3.2. Prevalence of NCDs risk factors
The majority of the participants (95.7%) consumed less than 5 servings of fruits and vegetables in a day. The prevalence of current smoking among the total participants was 40.0%. Harmful consumption of alcohol was observed in nearly one-third (32.9%) of the participants. Nearly one-third (28.6%) of the participants were either overweight or obese. Similarly, the prevalence of raised BP, including those on medication for hypertension, was 28.6%. One in 10 participants had insufficient physical activity (Fig. 1).
Figure 1.
Prevalence of NCD risk factors among participants (N = 140). BP = blood pressure, CI = confidence interval, NCD = non-communicable disease.
3.3. Co-occurrence of risk factors among SGMs
Almost all participants (97.9%) had at least one of the 6 risk factors present. More than half (54.3%) of the participants had 2 to 3 risk factors present. Co-occurrence of more than 3 risk factors was found in 14.3% of the participants (Fig. 2).
Figure 2.
Co-occurrence of risk factors of NCDs among SGMs (N = 140). NCDs = non-communicable diseases.
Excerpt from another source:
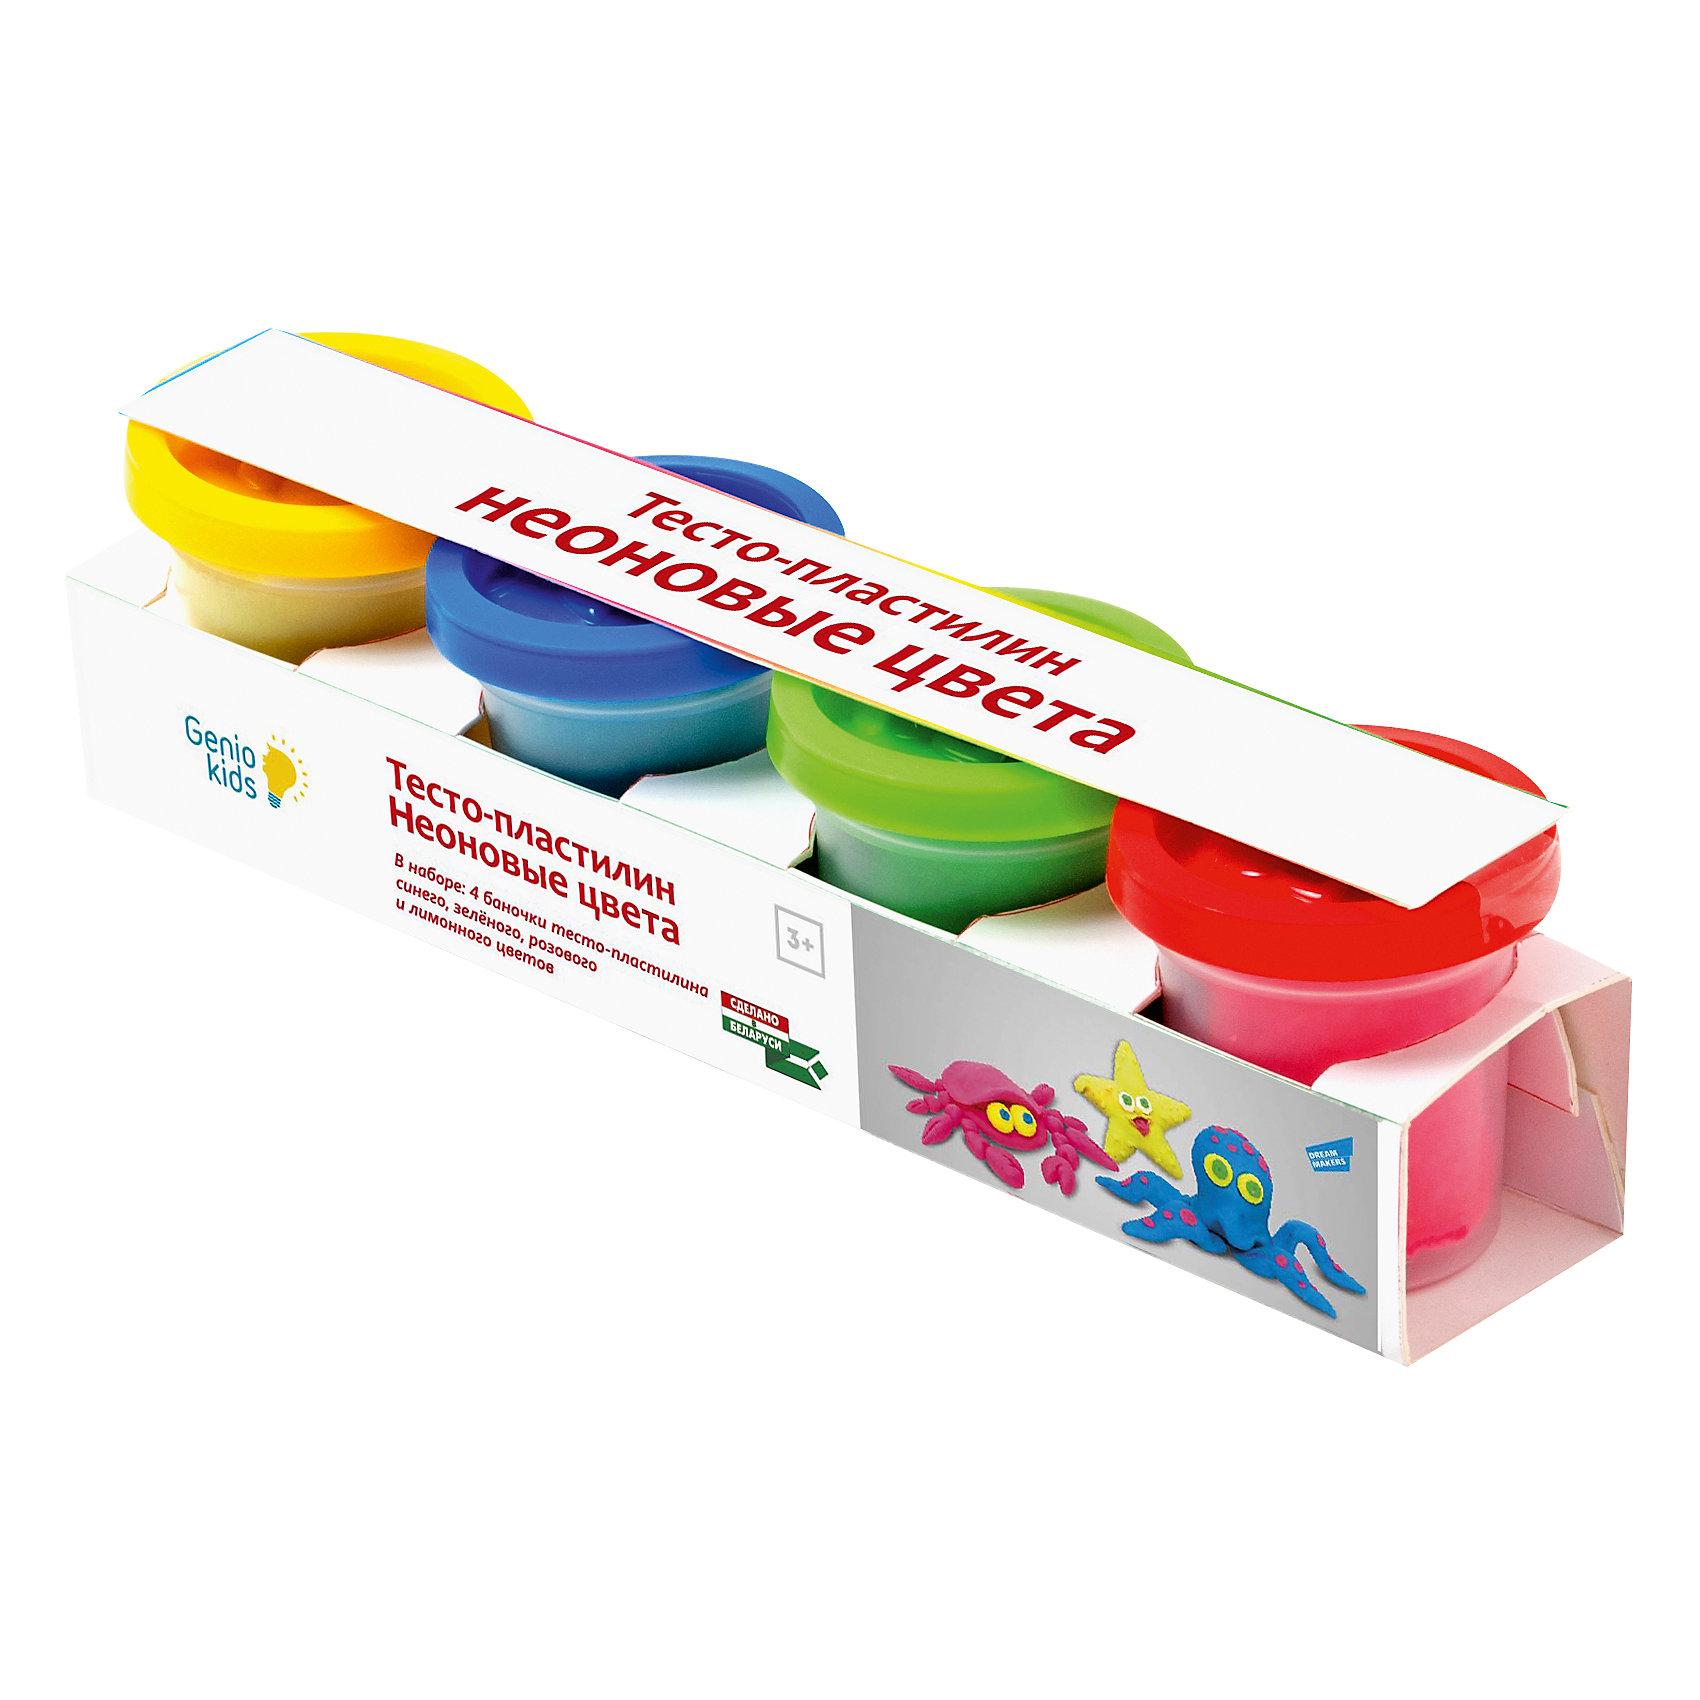 "Genio Kids Тесто-пластилин Неоновые цвета genio kids набор для детского творчества ""шкатулка"""
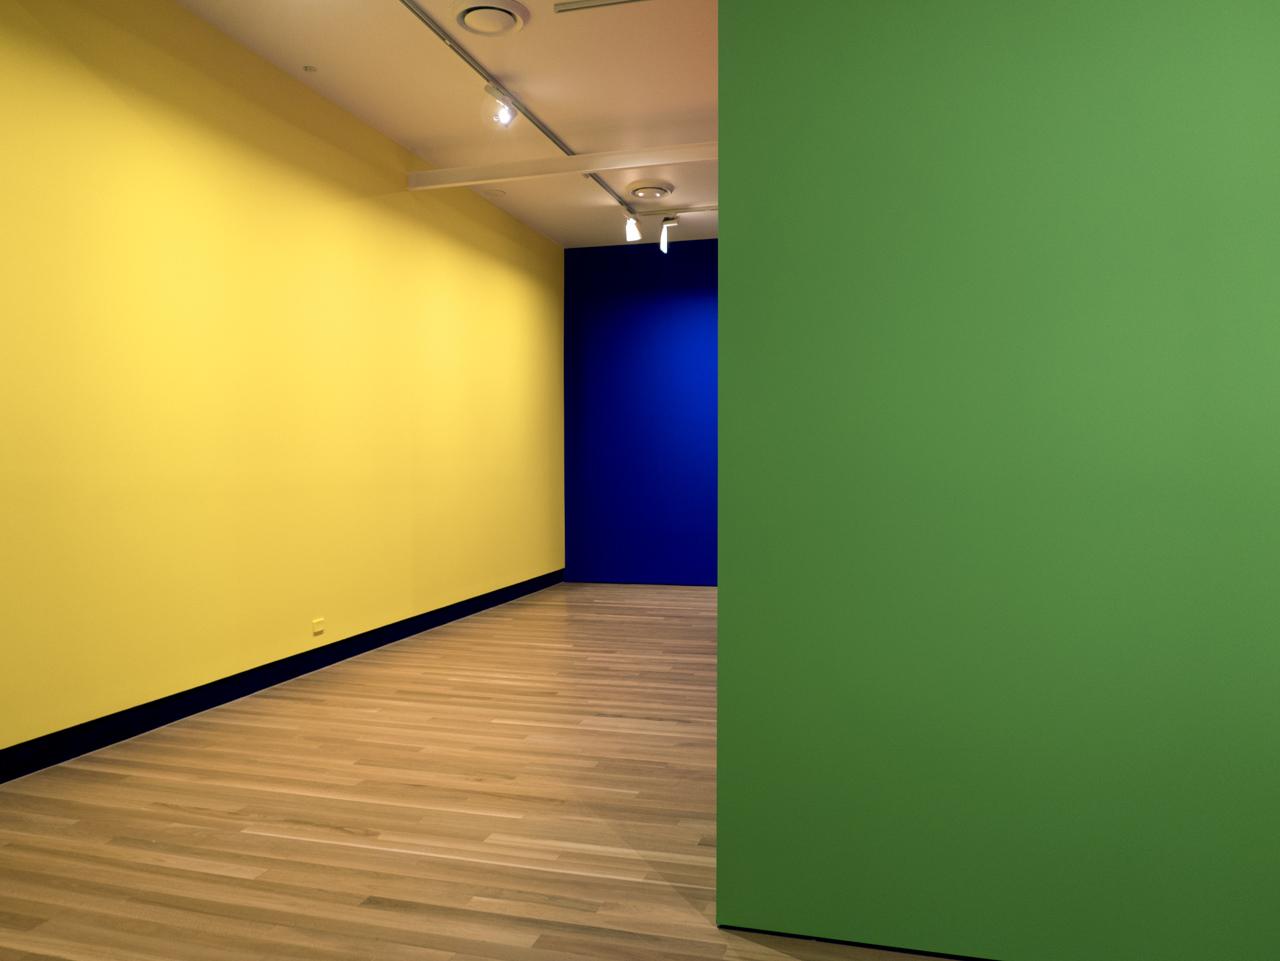 Robert Owen Afterglow Latrobe Reginal Gallery Install 26_LR.jpg

3.4. Factors associated with the NCDs risk factors
A statistically significant association (P = .001) was found between the harmful consumption of alcohol and the employment status of the participants. The odds of harmful consumption of alcohol among employed participants were 6 times higher (odds ratio [OR]: 6.0; 95% CI: 1.9–19.2) than the unemployed participants.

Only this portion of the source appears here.